Denoiser as posterior. The denoiser predicts a probability distribution over tokens (shown as blobs at simplex vertices). As $t \to 1$, the distribution concentrates on the correct token.
Decision regions sharpen over time. The simplex is partitioned into classification regions. As $t$ increases, the model becomes increasingly confident about which token each noisy point belongs to.
This switch from regression to classification makes a significant difference. On our benchmarks, cross-entropy training improves generative perplexity from 120 to 97—a 20% improvement—simply by respecting the discrete geometry of the output space.
So far we have built a flow-based language model (FLM), which generates text by following a velocity field for many steps. We'll show below that this already outperforms discrete diffusion, but we still need to take many steps to accurately resolve the flow. So, then, how do we get to one step?
The idea is to learn the flow map $X_{s,t}$, defined as the solution operator of the probability flow ODE. By definition, it satisfies
$$X_{s,t}(\mathbf{x}_s) = \mathbf{x}_t$$for any pair of times $(s, t)$, directly transporting between any two points on the flow without tracing the intermediate path. Unlike discrete diffusions, this object exists because our continuous flow is deterministic, so that the entire trajectory is determined by the initial Gaussian noise sample. You can think of the flow map as a “teleporter” that says exactly where this noise will end up. In particular, one-step generation is simply
$$\hat{\mathbf{x}}_1 = X_{0,1}(\mathbf{x}_0).$$
Continuous flow. The density smoothly sweeps from $\rho_0$ to $\rho_1$, passing through every intermediate state.

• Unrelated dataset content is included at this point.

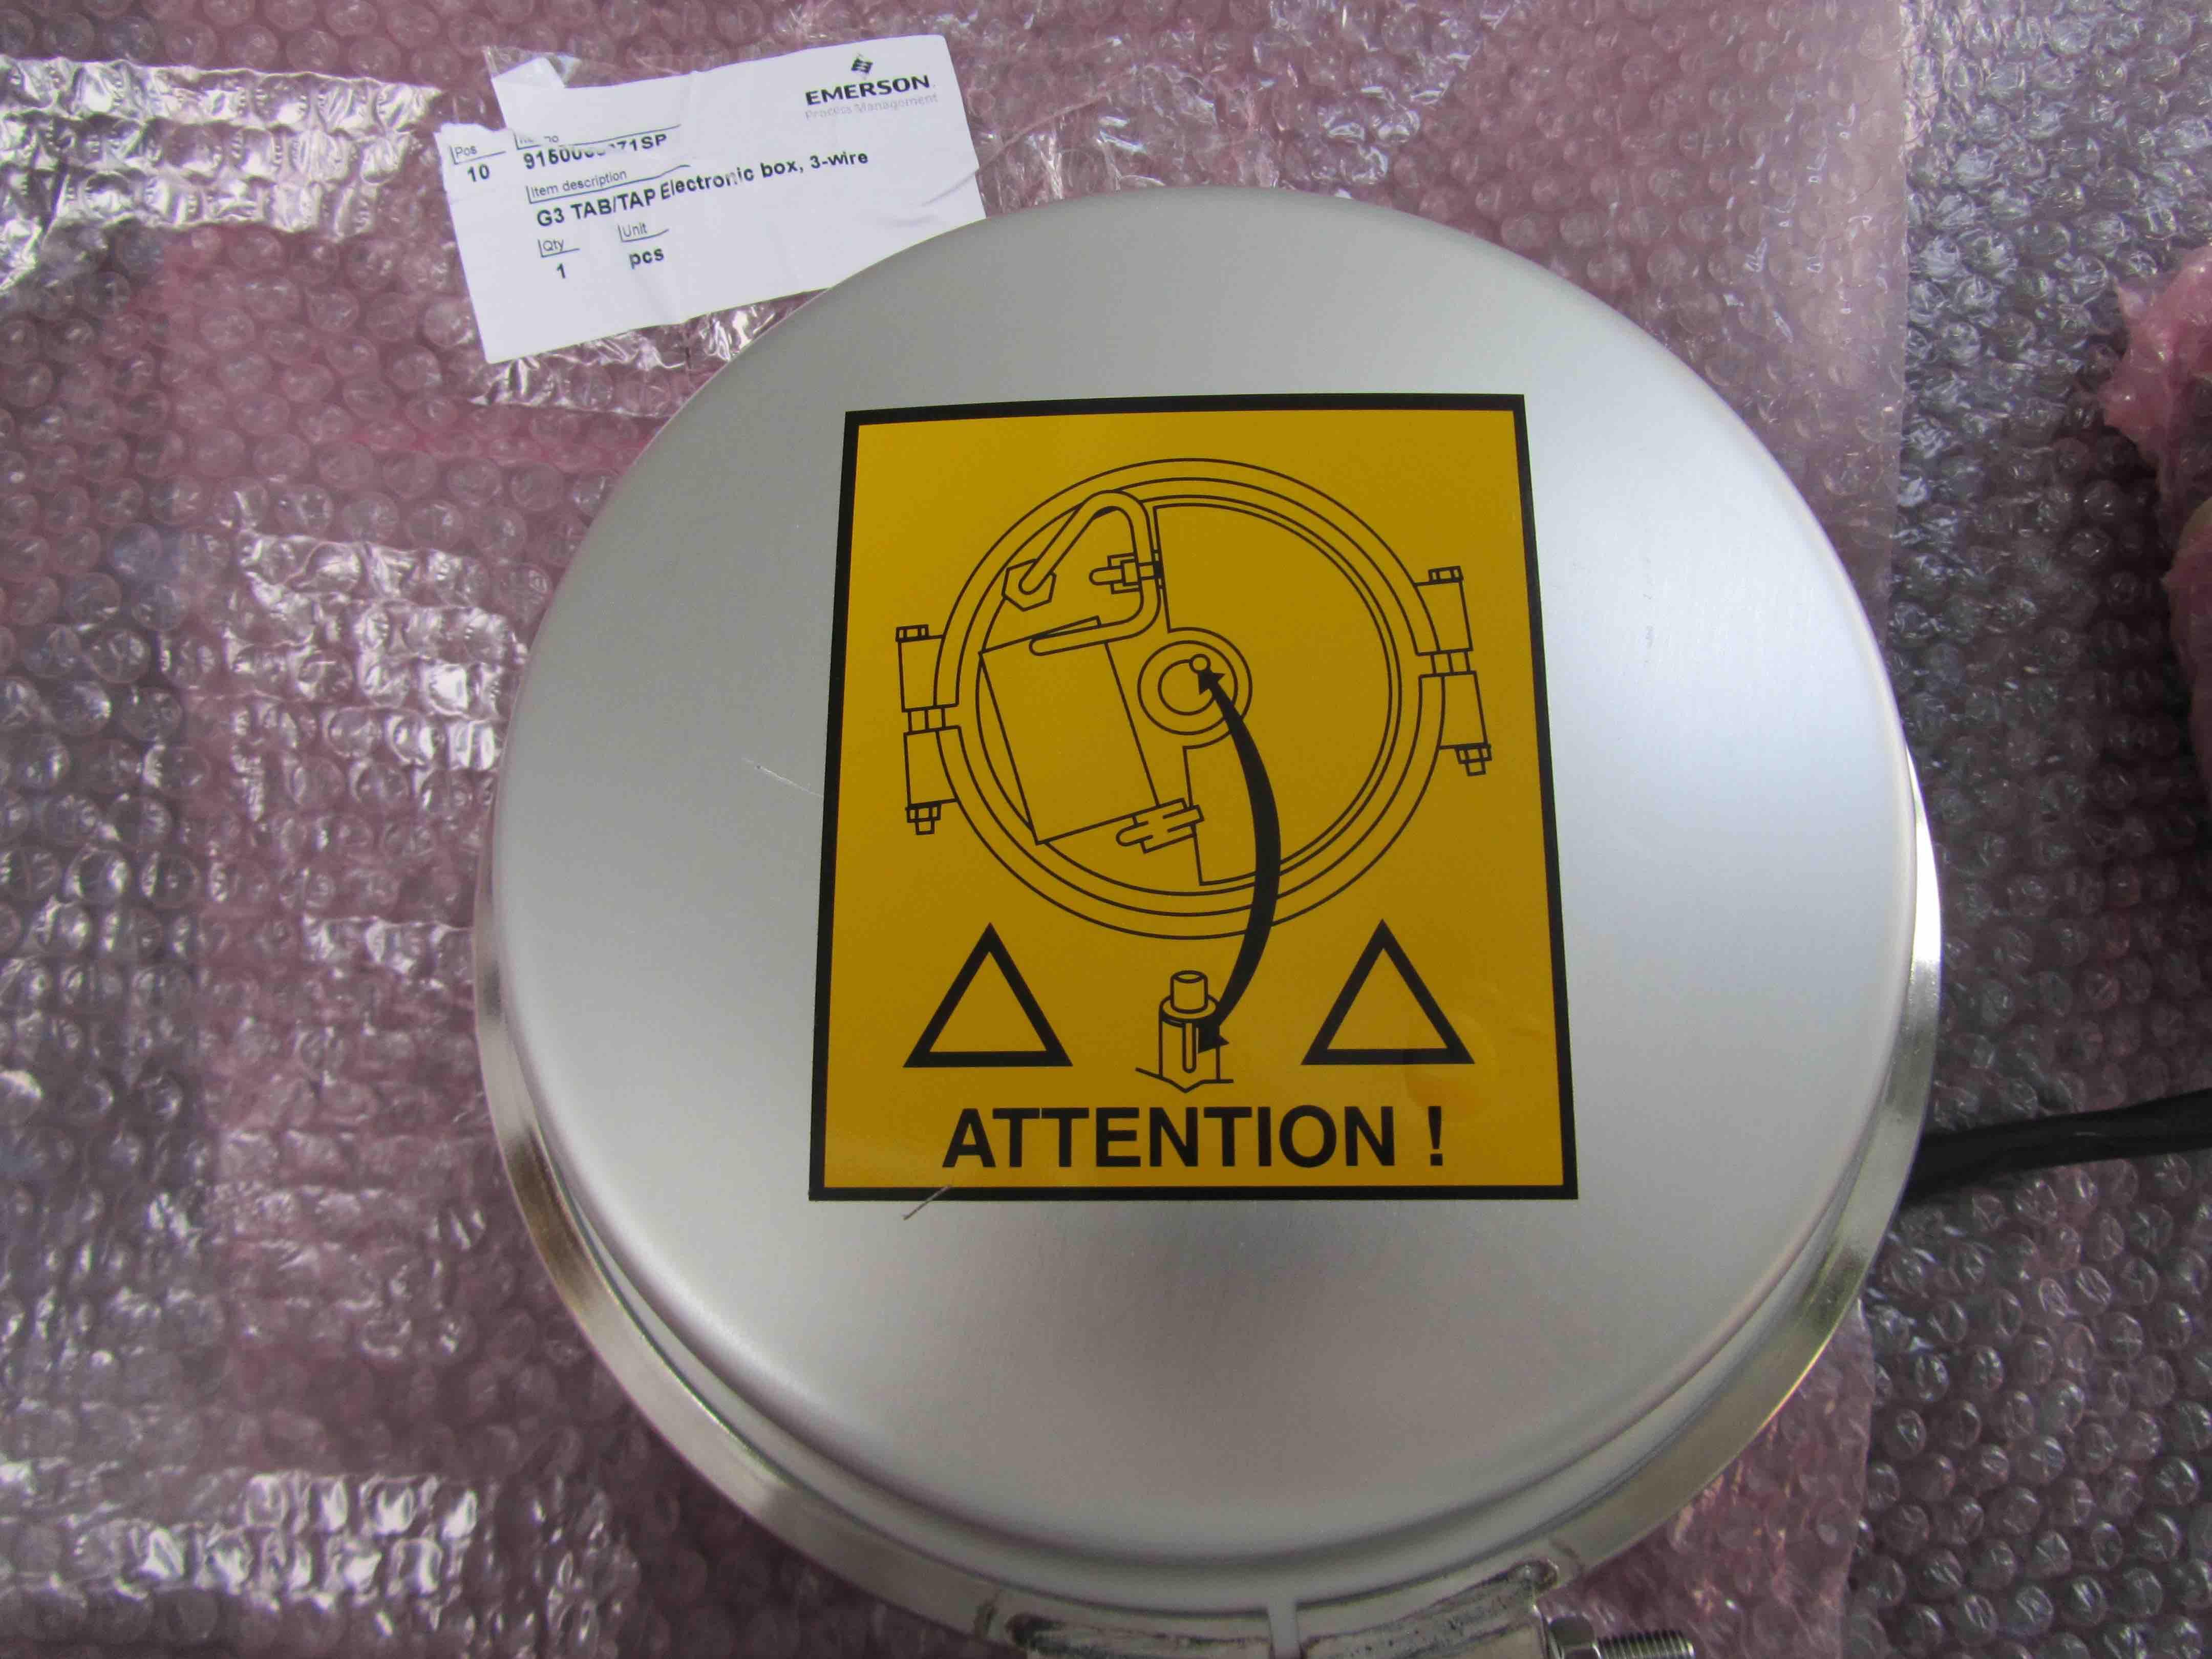 9150068-871 G3 Electronic Box

Flow map. The flow map “teleports” the density directly between time points, skipping the intermediate states. With a single map $X_{0,1}$, we jump straight from noise to data.
We learn the flow map by distilling the pretrained flow model. The key property we exploit is called the semigroup property, which states that the flow map from $s$ to $t$ can be decomposed as two consecutive maps $s \to u \to t$. This means we can train the flow map to be self-consistent:
$X_{s,t}(x) = X_{u,t}(X_{s,u}(x))$
By enforcing this composition rule during training, the model learns to take larger and larger jumps while maintaining accuracy. Eventually, it can jump from $s{=}0$ all the way to $t{=}1$ in a single step.

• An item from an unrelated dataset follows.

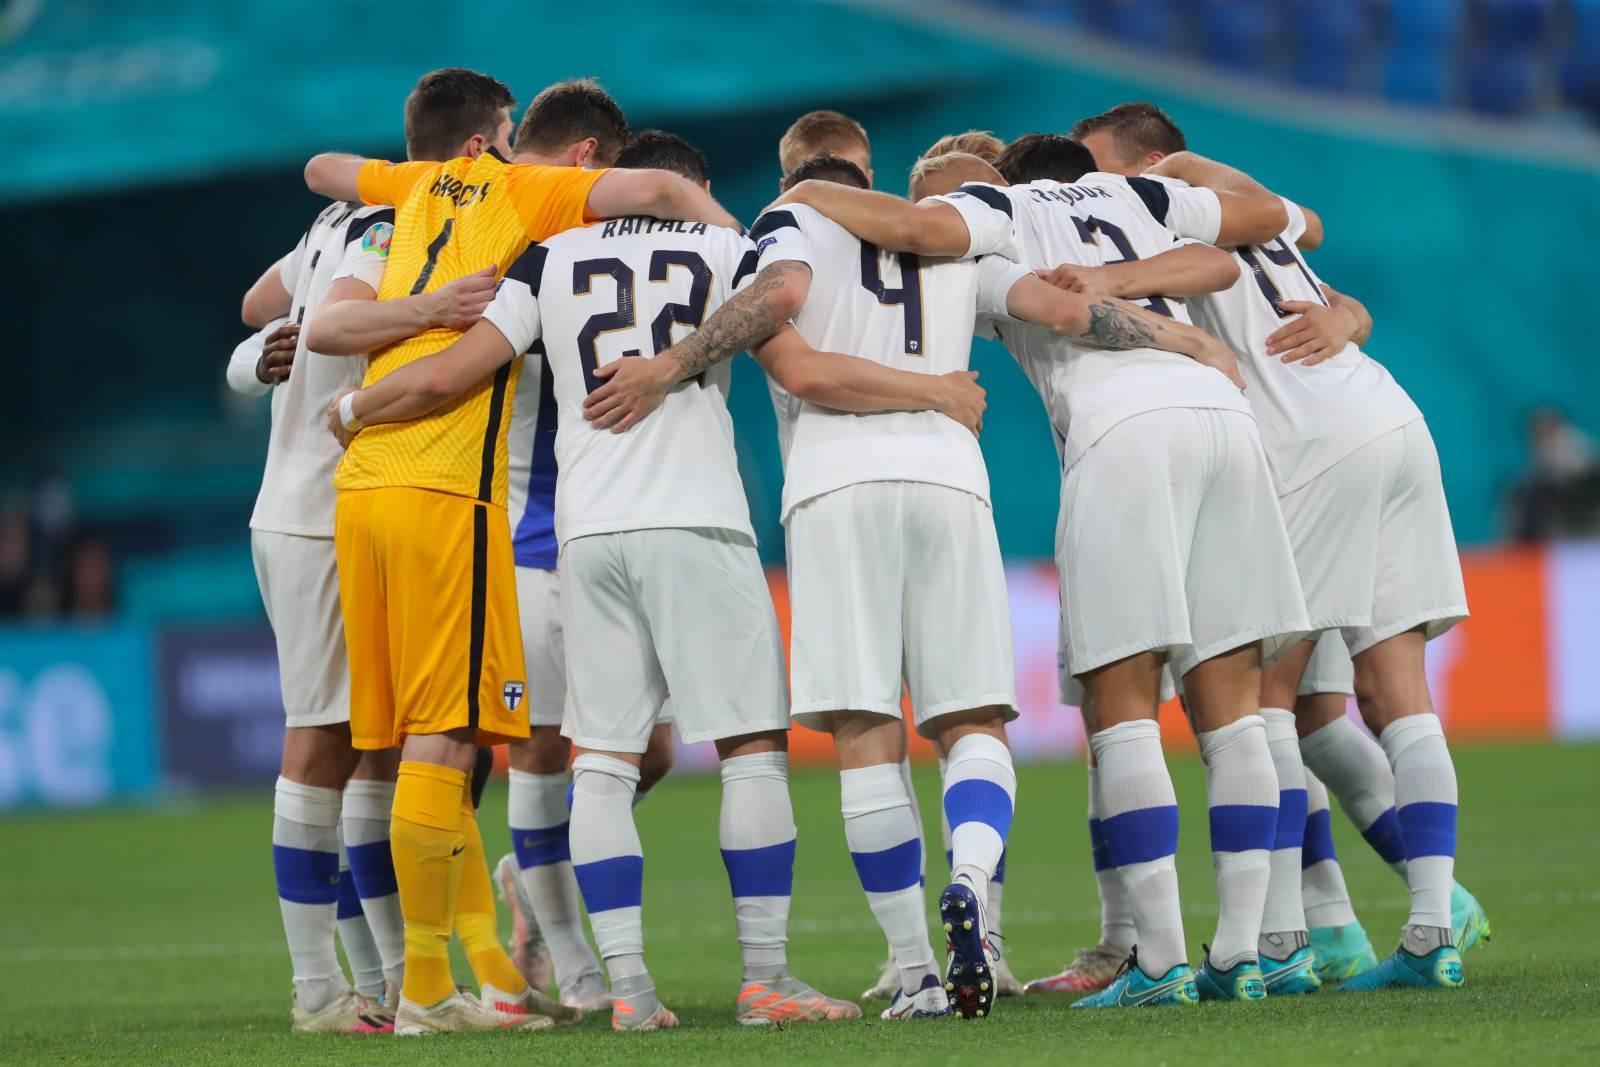 Казахстан – Финляндия: прогноз на матч отборочного цикла чемпионата мира-2022 - 12 октября 2021

We typically parameterize the flow map as
$$X_{s,t}(x) = x + (t-s)\,v_{s,t}(x),$$where $v_{s,t}$ is the average velocity over the interval $[s, t]$. Just as we reparameterized the velocity as a denoiser, we can reparameterize the flow map as a two-time denoiser,
$$\delta_{s,t}(x) = x + (1-s)\,v_{s,t}(x),$$which uses the same average velocity $v_{s,t}$ but takes a single step all the way to $t{=}1$. This object has an important property: it always lies on the probability simplex, regardless of the time interval $(s, t)$. This means we can train it with the cross-entropy loss, inheriting all the benefits of the classification formulation.
When $s = t$, the two-time denoiser reduces to the ordinary denoiser $D_s$. When $t = 1$, $\delta_{s,1}(x) = X_{s,1}(x)$, giving the final prediction directly. Given the two-time denoiser, we can always reconstruct the flow map via
$$X_{s,t}(x) = \frac{1-t}{1-s}\,x + \frac{t-s}{1-s}\,\delta_{s,t}(x).$$That is, the two-time denoiser gives a lossless reparameterization of the flow map that always lives on the simplex, letting us learn the flow map entirely through classification.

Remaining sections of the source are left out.